Decapando até debaixo d'água (Local: Palhoça, SC; foto: L. Duran, 2008)

terça-feira, 8 de maio de 2012

O naufrágio do Recreio (1971): sucata ou sítio arqueológico?

Os vestígios do navio Recreio, encalhado em Santos, são sucata ou um sítio arqueológico de naufrágio?
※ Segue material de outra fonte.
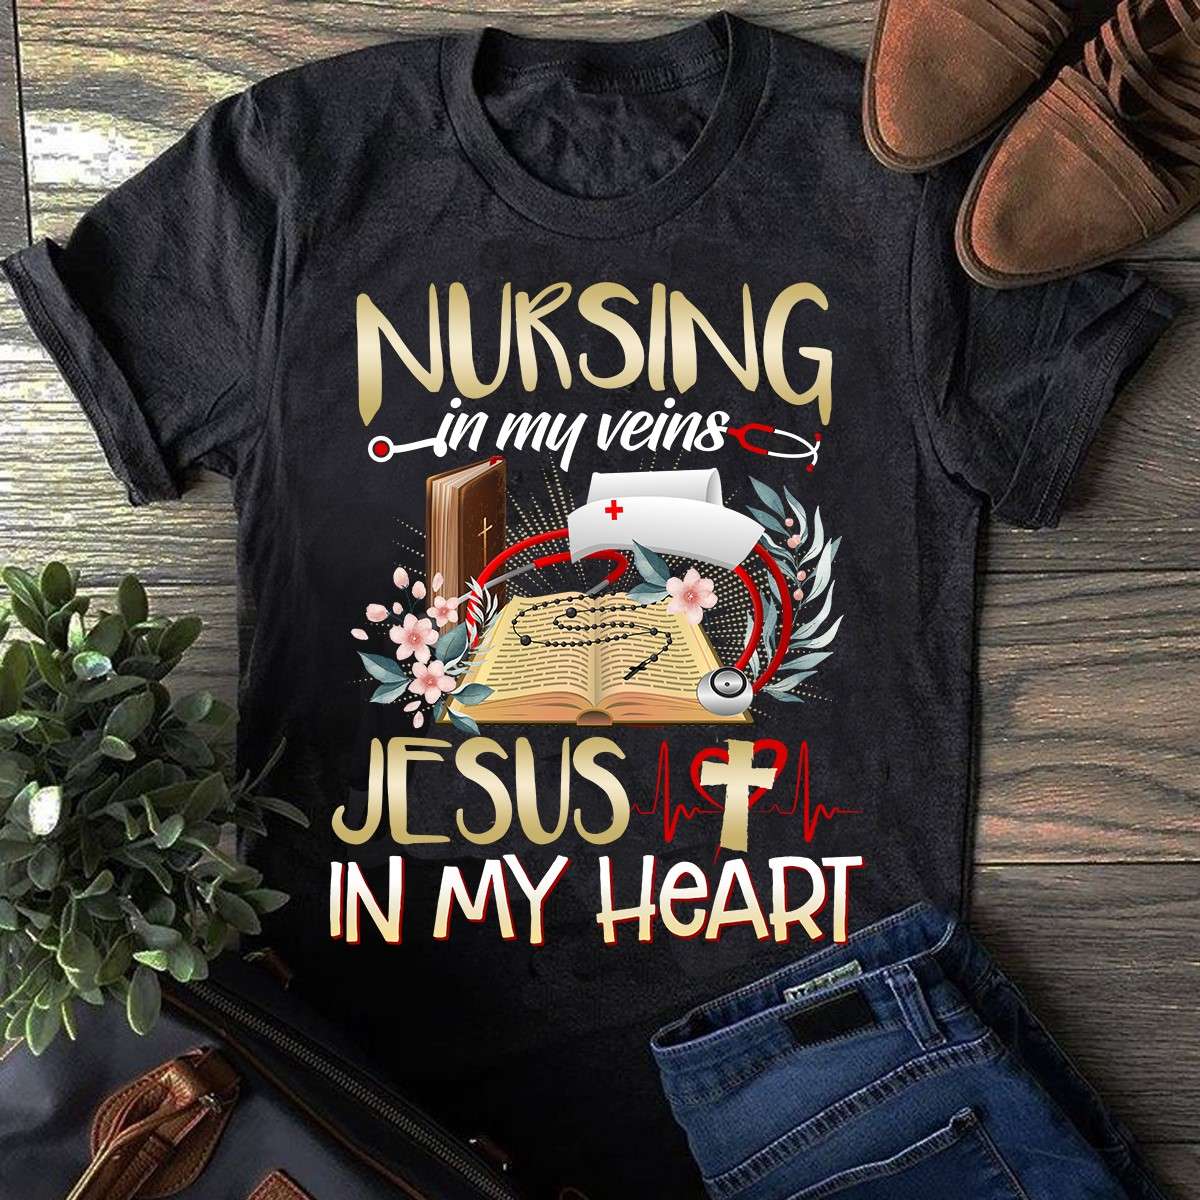 Nursing in my veins, Jesus in my heart - Nurse and God

Essa pergunta simples é, na verdade, de difícil resposta.
O Recreio foi um navio-boate (sim, um navio sem motor preparado para festas!) que, em 1971, durante um forte temporal, rompeu suas amarras e acabou encalhando próximo ao Canal 6. Um ano e meio depois foi parcialmente desmontado, dinamitado e arrastado para fora da praia diante da estupefação e do alivio dos santistas.
O Recreio, encalhado em Santos (1971). Extraído do site Novo Milênio: http://www.novomilenio.inf.br/santos/fotos267.htm em 08/05/2012.
A operação de remoção, entretanto, deixou parte da estrutura do casco enterrada na areia. Com a erosão da praia, segundo artigo publicado no Almanaque de Santos (IHGS/ Sabesp, ano 1, nº 3, 2011), a partir de 1999 os destroços remanescentes, desenterrados, passaram a vitimar os banhistas. Anos mais tarde o local foi sinalizado e a prefeitura, em 2006 começou a remover pedaços de metal nas marés baixas.
Até aqui não haveria o porquê do questionamento da remoção do restante do casco do navio: ele causa problemas à balneabilidade daquele trecho da praia. Mas é a história pregressa do Recreio que provoca um segundo olhar sobre essa ação.
O navio iniciou seus trabalhos como Carl Hoepcke, mandado construir pela Empresa de Nacional de Navegação Hoepcke, na Alemanha, em 1926. A sofisticada embarcação serviu à empresa catarinense de 1927 a 1960, época em que realizou a cabotagem entre os portos de Santa Catarina e o Rio de Janeiro.
 O Carl Hoepcke em Florianópolis. Extraído do site do Instituto C. Hoepcke em 08/05/2012 http://www.hoepcke.com.br/instituto/foto02.htm

A navegação era, então, a melhor maneira de realizar a derrota, de forma que tanto passageiros humildes, quanto passageiros proeminentes no cenário político e econômico brasileiro foram transportados pelo Carl Hoepcke, o que faz da nave um ícone na história catarinense. Assim, o Instituto Carl Hoepcke, segundo o já mencionado artigo do Almanaque, pleiteia a doação do leme do navio que, contudo, continua armazenado em um galpão em Santos.
Minha opinião é a de que o resto da embarcação é claramente um sítio arqueológico de naufrágio que, no entanto, deveria ter seu perímetro de alguma forma melhor delimitado e sinalizado, evitando que os banhistas se machuquem e que, ao mesmo tempo, permita que o público possa usufruir de um espaço musealizado. Não seria mais uma interessante atração cultural um naufrágio de um navio dos anos 1920, acessível a quem não mergulha, situado próximo ao Aquário, ao Museu de Pesca, diante do fortim da praia do Góis e da fortaleza da Barra Grande?
Foi com essa ideia em mente que, no último dia 06 de maio, por volta das 9h da manhã, no pico da maré vazante, eu, Daniela Damo, Luciana Bozzo Alves, Lucas Troncoso, Cristiane Eugênia Amarante e sua filha, a pequena Mariana, realizamos um raid aos restos metálicos do Recreio, buscando fazer medições básicas com trena e registros fotográficos que servissem para uma discussão futura da importância dos vestígios.
Luciana e Lucas medindo os vestígios do Recreio. Estão espalhados por aproximadamente 23 m de faixa de areia.

Detalhe do fundo do casco e das cavernas.

Independe da ruína do Recreio ser considerada sucata ou sítio arqueológico, ela certamente merece uma abordagem arqueológica, ou seja, sua proteção ou demolição deveria ser acompanhada e registrada por arqueólogos antes, durante e depois de qualquer ação.